*** Begin section ***

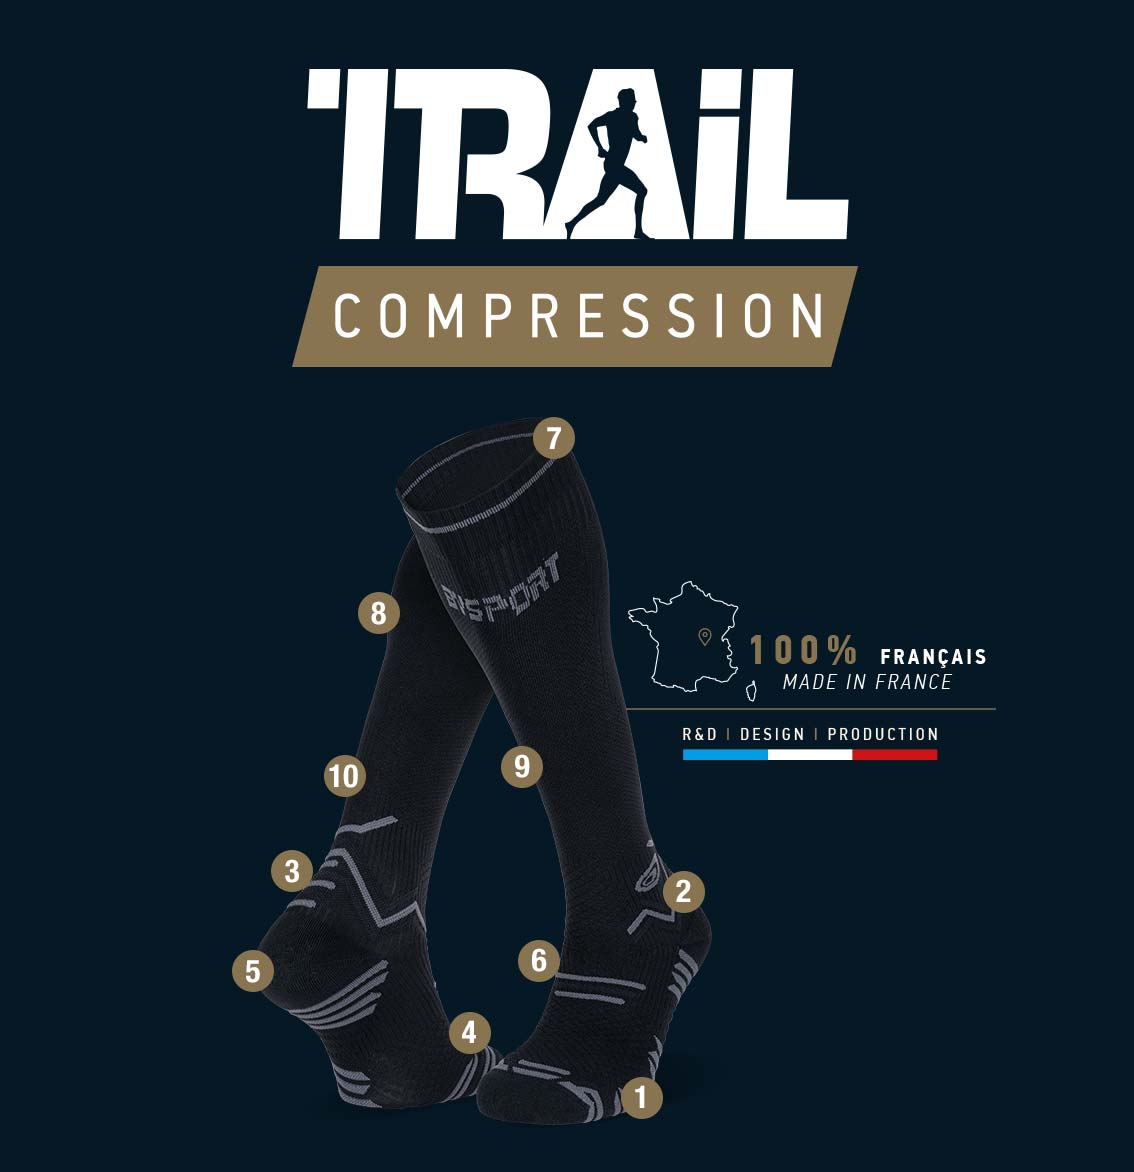 Chaussettes_trail_compression_noir-gris
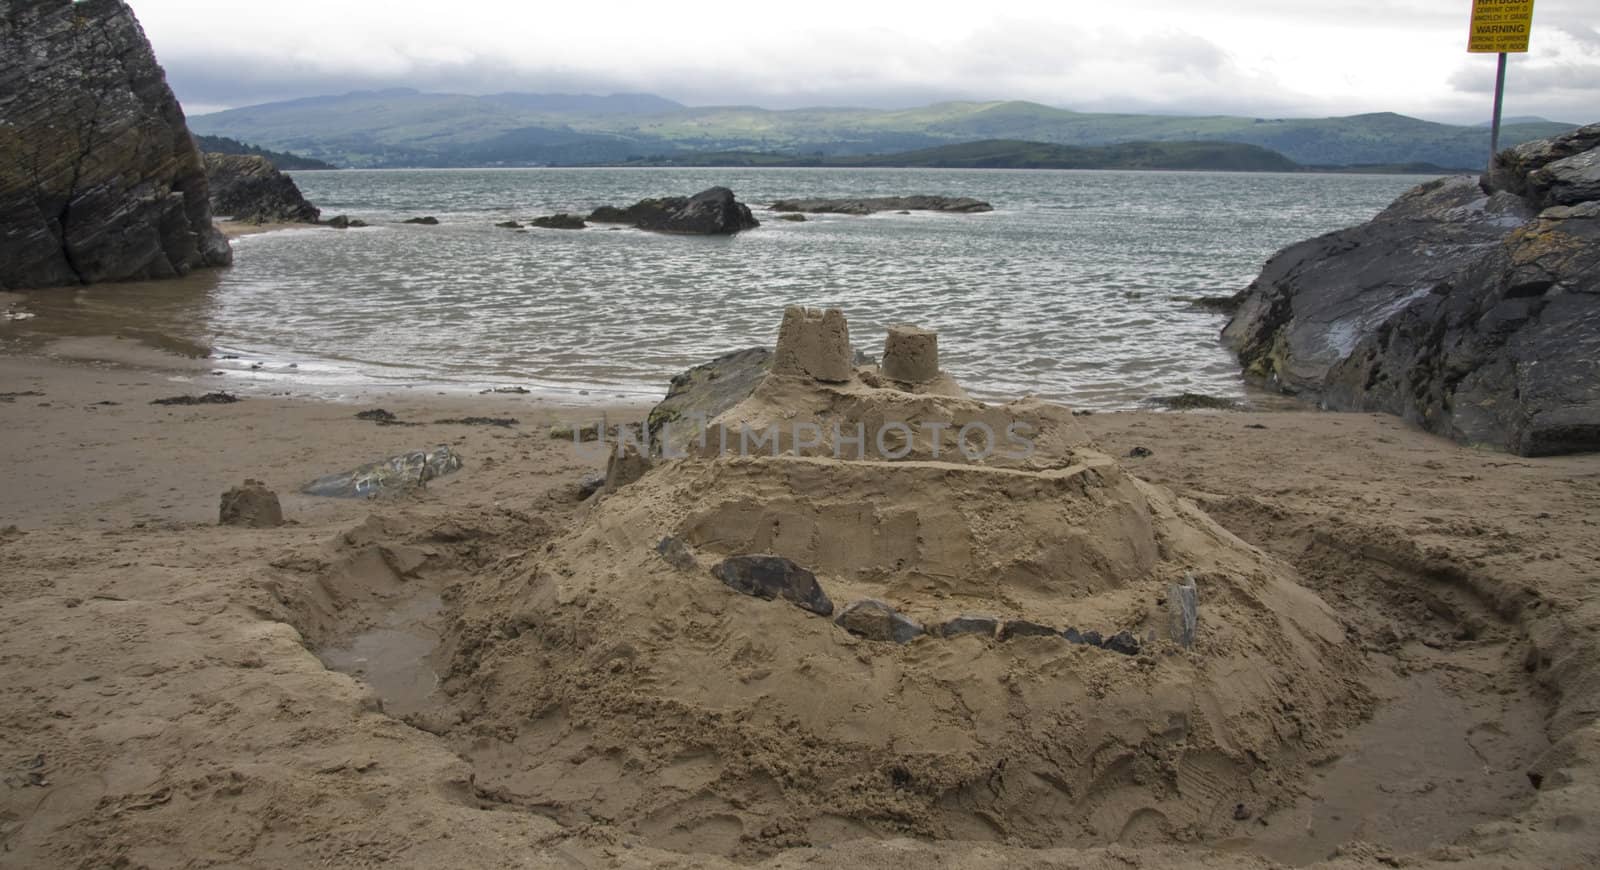 Sandcastle build at edge of dangerous estuary.
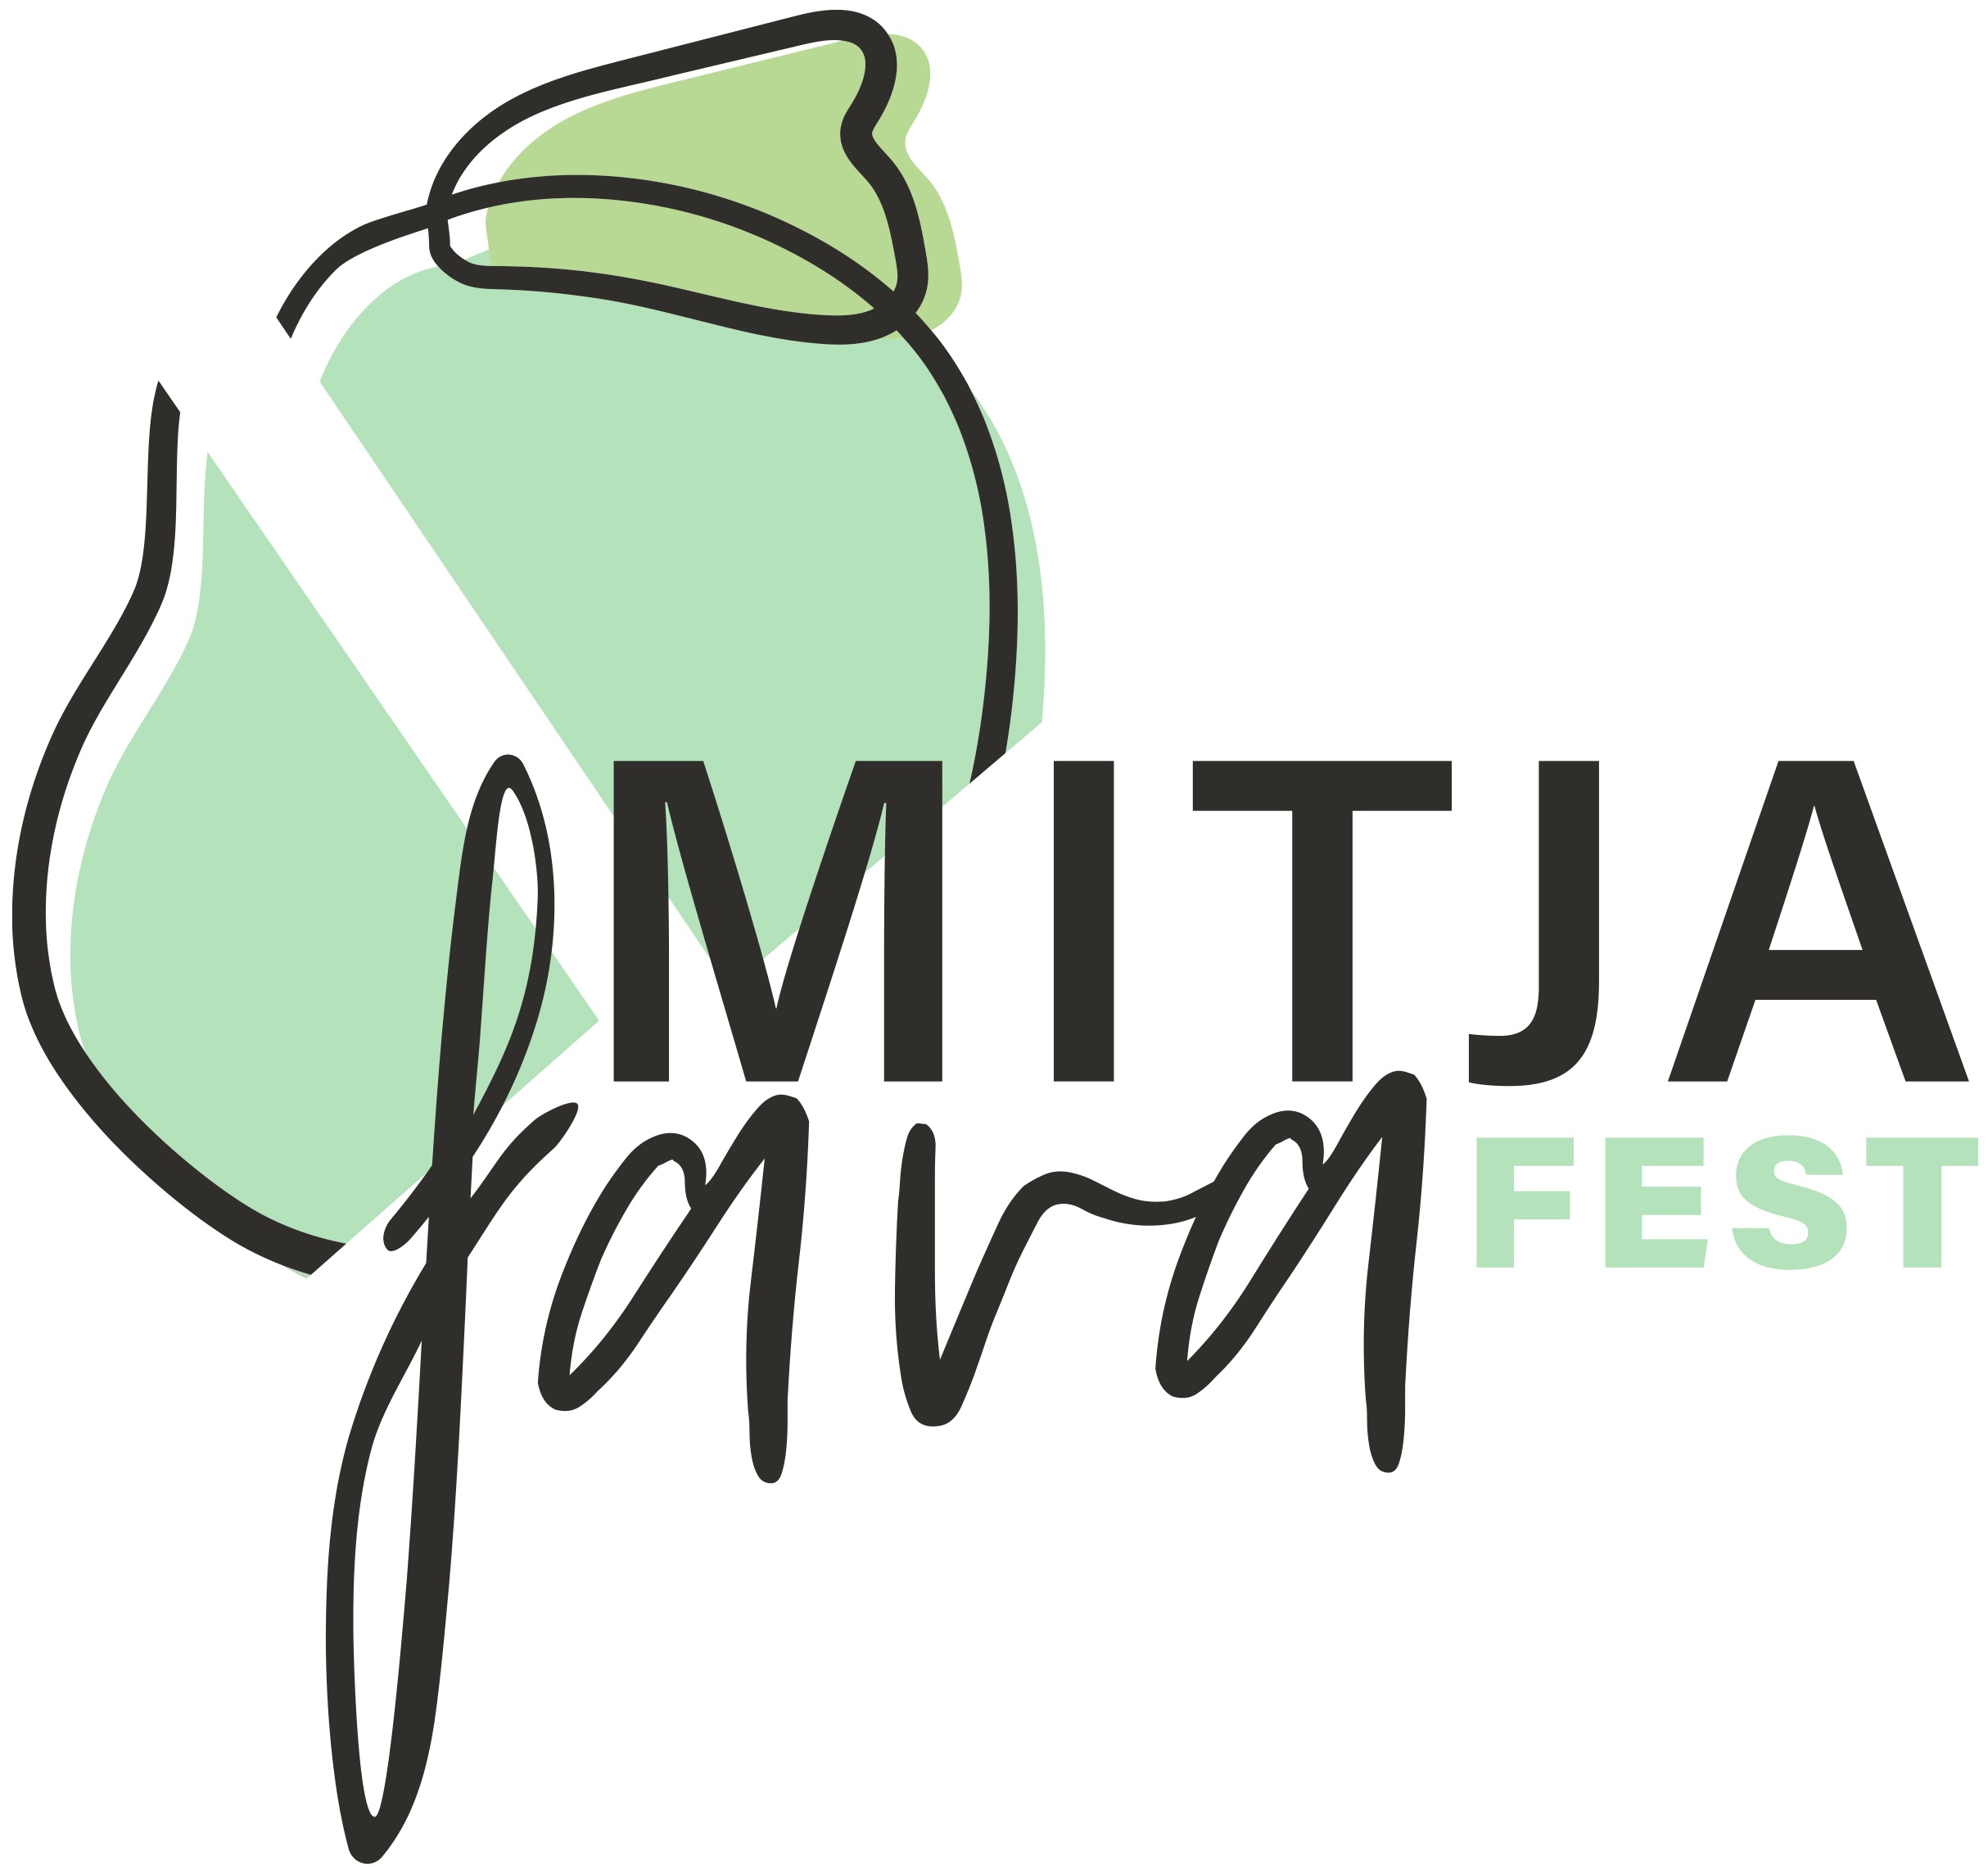 Mitja Fava Fest

*** End section ***

(What is required)
The answer must be the listing above, restated word for word, with no images in it.

(Task output)
 Chaussettes_trail_compression_noir-gris
 Sandcastle build at edge of dangerous estuary.
 Mitja Fava Fest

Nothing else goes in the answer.